这年春天我大病一场。我放弃了工作,整天游荡。我在怀柔的一家度假村住了一个月,从我的房间的窗户可以望到城里看不到的山,以及成片奢侈的水。北方罕见的青山绿水并没有给我带来好心情,却平添了几分孤独。被婚姻咬过的手腕上伤痕清晰可见,我用它推开窗户,看见一种我不曾见过的鸟飞过湖面,我知道这只是暂时的假象。在北方,一到冬天,所有的水都会消声匿迹,露出坚硬的面貌。我望着伤口,想起周萱,如果我对她好,这个女人一辈子也不会咬我的,可是我现在离开她,带走的除了一大笔钱,就是这样一个伤口。我想被遗弃的是我,失败的也是我,错的也是我。我准备一辈子永远不找女人,我要孤独地活到死。

可是我只呆了一个月就耐不住了。我回到了城里。赵兰来看我,她什么都知道,只是不说出来,以免伤到我。我说赵兰,只有你是朋友。她说是吗?那你干嘛不娶我?我知道她开玩笑。赵兰说,世界上没有绝对的对与错,你也不要太在意,你嫁了一个富婆,但你是不愿意的,你不是为她的钱,我们都知道,可是维林却当了人家姘头,你有什么好难过?你比她强。我这才知道维林是做人二奶。不过,她干什么我也无所谓了。我已经不爱她了,我谁也不爱。赵兰劝我用这钱投资,做点生意,前途是光明的。我同意她的看法。她为我看了一处房子,在慧忠北里,底下可以开店。
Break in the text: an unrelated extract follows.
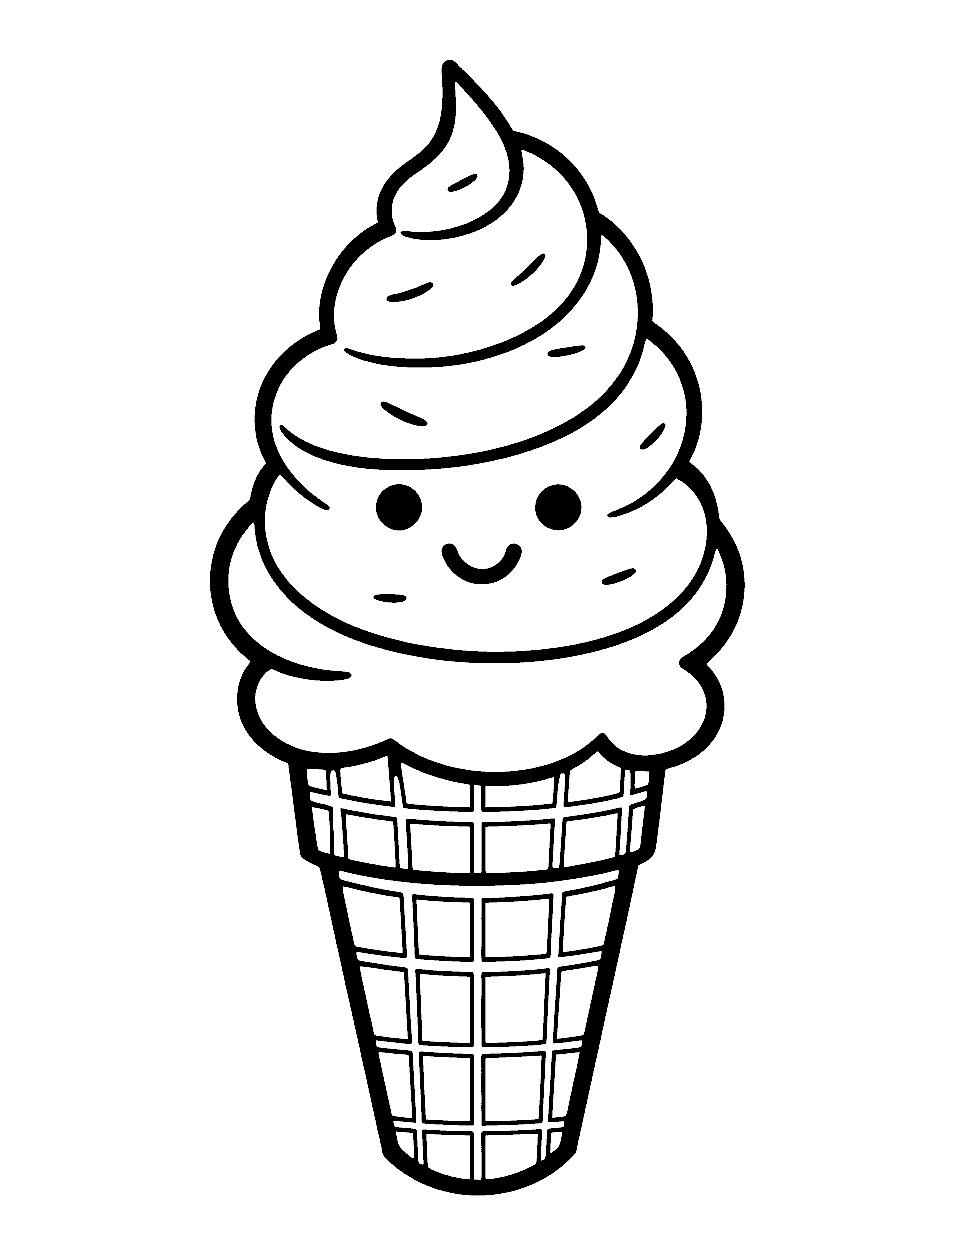 Kawaii Ice Cream Cone With a Face Cute Coloring Page - A happy ice cream cone with a cute face and a cherry on top.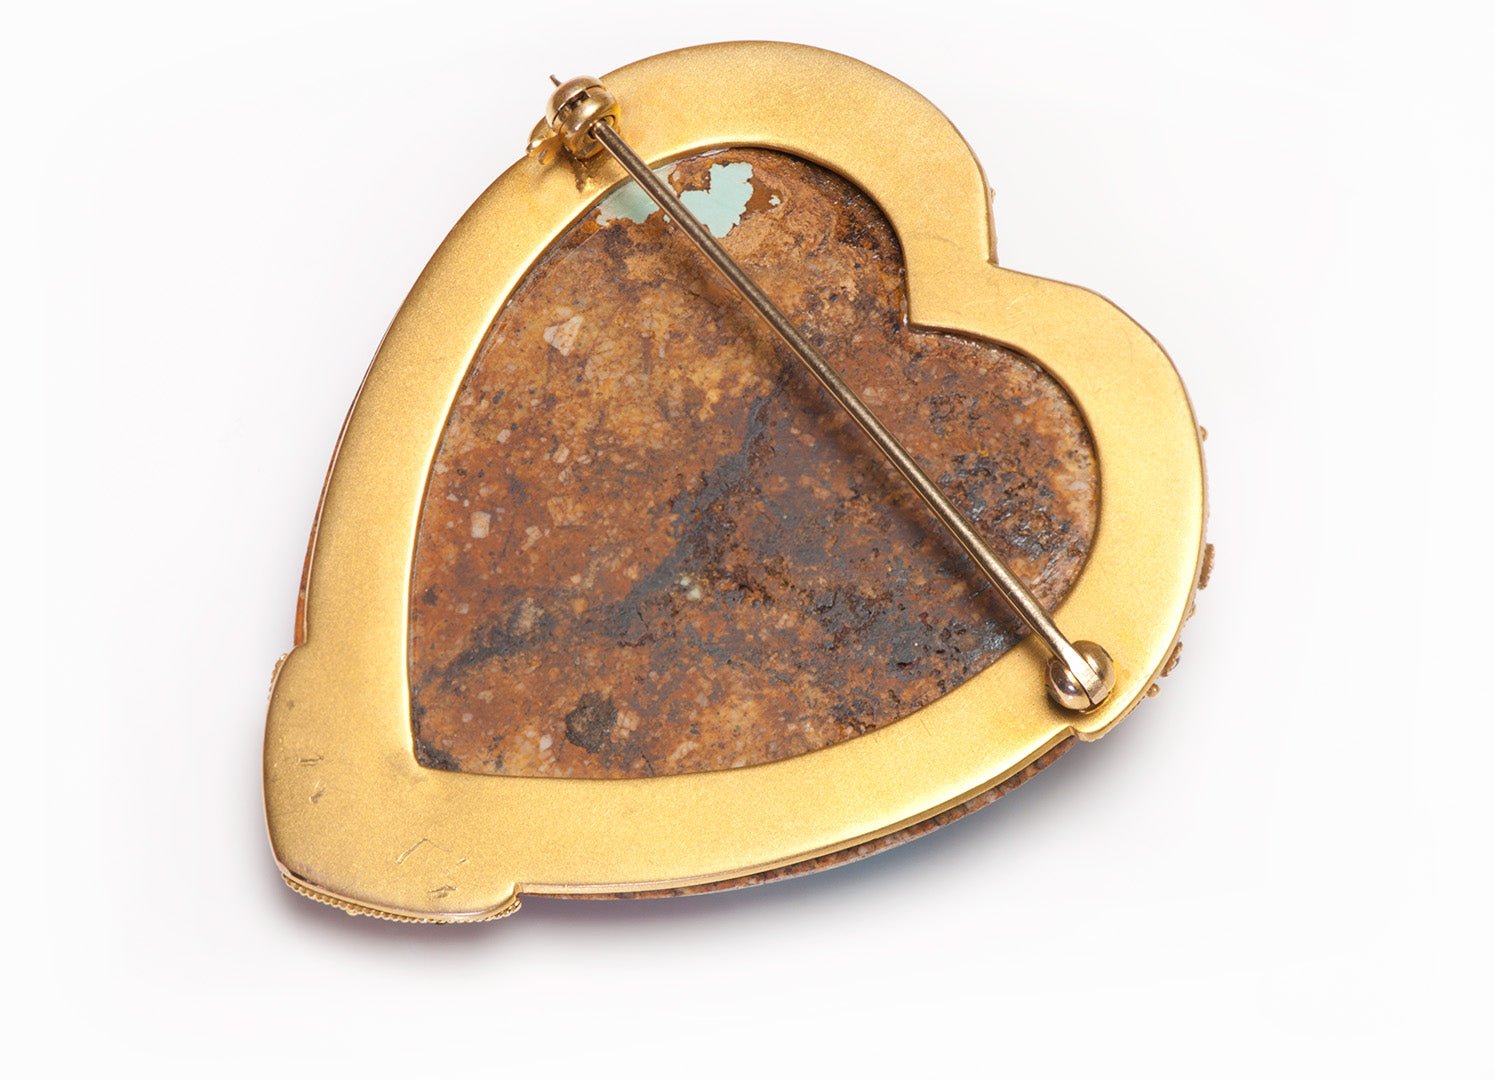 Antique Specimen Turquoise Gold Diamond Ruby Demantoid Heart Brooch

星期天,我去看房子。我刚走上那座楼,就浑身冒汗。我从来没有这种感觉。我在楼梯上坐了一会儿,刚站起来,就吐出一口东西来。

 

五环说:

我被珍断出肝炎,而且是慢性活动性肝炎,就是说我感染了肝炎病毒,是大三阳的。我非常绝望。赵兰陪我上医院。我住在传染科一区13床。赵兰带上口罩和手套,让我觉得无地自容。我说什么倒楣事都让我赶上。赵兰说这没啥,圣人都得受罪。一个长得像周迅的小护士说,活动性肝炎几乎无药可治,是靠养好的,而且这大三阳极具传染性。我听了更加绝望。赵兰哈哈大笑,说这是鬼话。她说她会经常来看我。

我在病床上苦熬,忍受着护士把针扎进我体内。我试了几次逃跑,可是走到院子里就头昏眼花。那个长得像周迅的护士成天跟我开玩笑,给我一个绰号叫苦大仇深。她小声地告诉我,她在传染科也染上了大三阳,现在活得好好的。我很吃惊,不过她的话让我镇定许多。我说你这样不是太不值了吗?她笑着说,这是你该得的,你逃也逃不掉啊,说明你有运气,可以中六合彩。我被她逗得笑了,世界上竟也有这样的傻瓜。她说她叫林洁。我说你像极了周迅,她说是啊,病人都这么说。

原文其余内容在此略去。